Tell someone who cares

Tell someone who cares
By Paul Clifford

With Australians working longer and pressure in many workplaces intensifying there is a good chance you will periodically witness a colleague in distress.  The signs of distress are often subtle because most employees have become accustomed to disguising them, particularly when that distress amounts to feelings of depression or anxiety and if it results in tears.  Some emotions are considered more taboo in the workplace than others.  Thinking is certainly considered far preferable than emoting at work. 

However to expect that employees will be able to control their emotions at all times during the working day is fantasy.  Workplaces that do not provide some opportunity for employees to express their emotions in a safe and appropriate way are likely to find it emerge in other ways, some of which is likely to be destructive. 

So it pays to be available for someone who is in distress who wants to talk.  The problem is that for many of us there are at least two things that tend to hold us back from being available in that way.  The first is time and the second is a feeling of being inadequate in the helping role. 
If someone is upset, depressed or anxious and wants to talk through their issues, you are almost certainly not going to be able to wrap up the conversation quickly.  The discussion is likely to have many components to it and considerable time is often required in dealing with emotion before you can reasonably look at solutions.  So lacking time is a reasonable concern.

The second inhibitor – feels of inadequacy – should be far less of a concern.  That is because we typically overestimate what it takes to be effective in this type of ‘helping’ role.  I’m sure we’ve all sat with someone who was upset and felt awkward that we didn’t know what to say.  And yet at the end of the conversation the person has thanked us so much for listening.  Being there, not just physically but psychologically by demonstrating real listening and empathy, which can be done almost solely through body language, is all that we need to do on many occasions. 
If we do want to develop our skills at being there for someone in distress at work a little further here are some other helpful reminders.

1.    Where an employee reaches out to you, avoid trying to diagnose or play the therapist.  Not only are these roles unnecessary they are counterproductive.  Keep things simple and help them focus on what they need right now.  The person needs to take responsibility for identifying and finding solutions for deeper issues.

2.    Keep the focus on them, not you.  At the right time and in minimal amounts of detail, your similar story of distress might help but it can be risky.  Done at the wrong time and in an inappropriate way can exacerbate the other person’s distress and sense of loneliness.

3.    A conversation like this will inevitably require a lot of patience allowing the person to express themselves and their emotions.  It is critical that you allow whatever time is required to exhaust this part of the process before you transition to examining solutions. 

4.    Recognise that you need to maintain certain boundaries and be alert to actions or words by either party that may overreach the boundaries.  Your role is to facilitate independence in that person, not to encourage them to become dependent on you.

5.    If you find yourself talking with a colleague in distress and you hear or see something that you don’t know how to respond to it may be worthwhile speaking to someone you trust in your organisation who may be able to give you guidance.  In that case it may be appropriate to maintain the anonymity of the person but simply seek guidance in how you would respond generally in that situation. 

Being available for others in distress can be of enormous value to you, the person in distress and your organisation.  For the person in distress it can be a huge relief to feel that someone cares and that they are not alone.  For you, your role in helping can build valuable skills that can be translated into other domains and give you positive feelings that can help build your own resilience.  For the organisation, those who are available in this way help build a supportive culture and can go a long way to keeping valuable staff employed. 

So before you turn away from someone in distress at work, remember that it is quite probably easier than you think to lend an ear and you will be doing yourself and your organisation a great service.   
                                          

Comments

  • Grahame Dodd Friday, 17 April 2015

    Thanks for raising this in a practical way, Paul.

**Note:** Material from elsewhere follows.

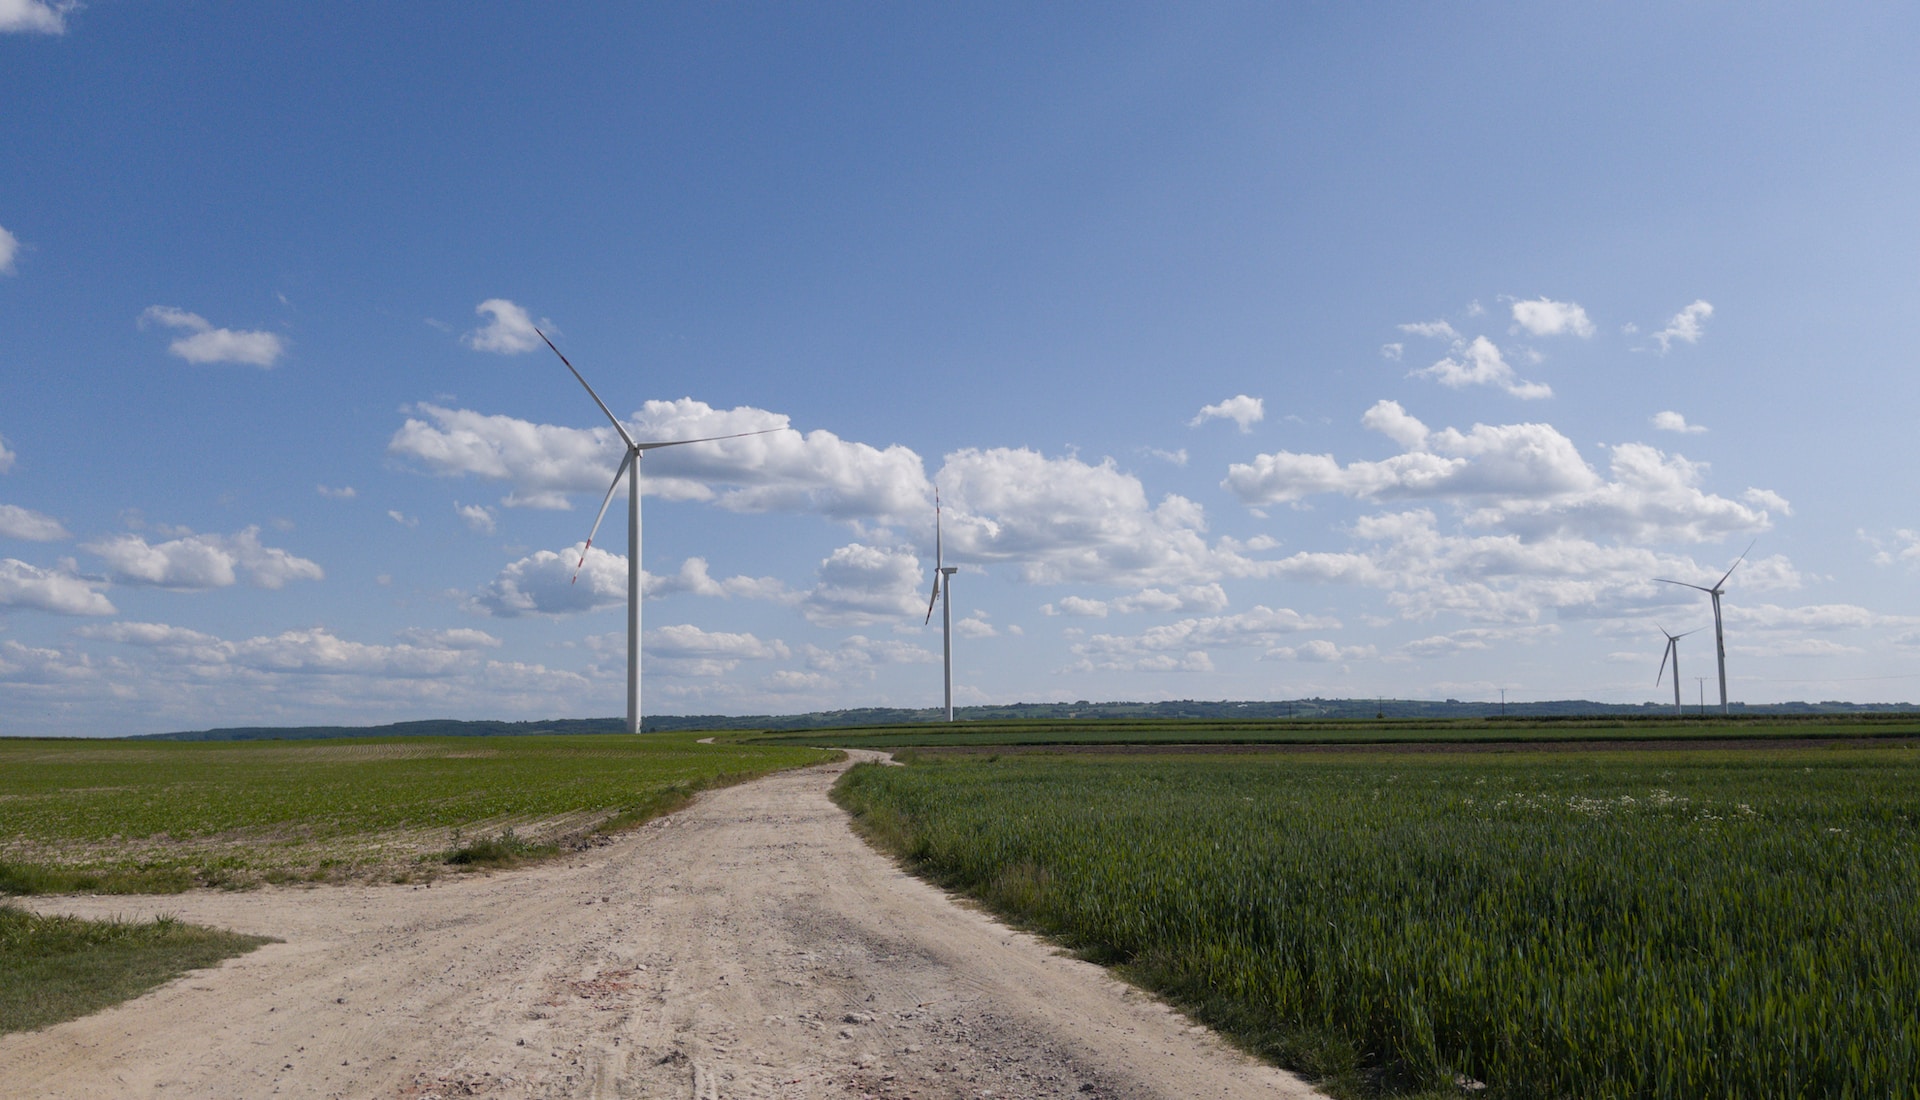 a dirt road going through a field with windmills in the background

I remember reading some research years ago that showed conversations with friends was often more effective than therapy. Not to say that it can replace professional help in all cases but certainly very appropriate. I suspect that another inhibitor is our fear of being seen to 'pry' if the person is not already well known to us but let's just get over it and be human. If only some of us model this behaviour using your suggestions, we'll start to turn around our workplace cultures.

  • Paul Clifford Sunday, 19 April 2015

    No problems Grahame. Absolutely, friends and colleagues can be more effective than therapy, it's about choice really, some people will prefer to see a psychologist, others would prefer friends/colleagues. It's important that organisations create cultures that allow both options to be supported.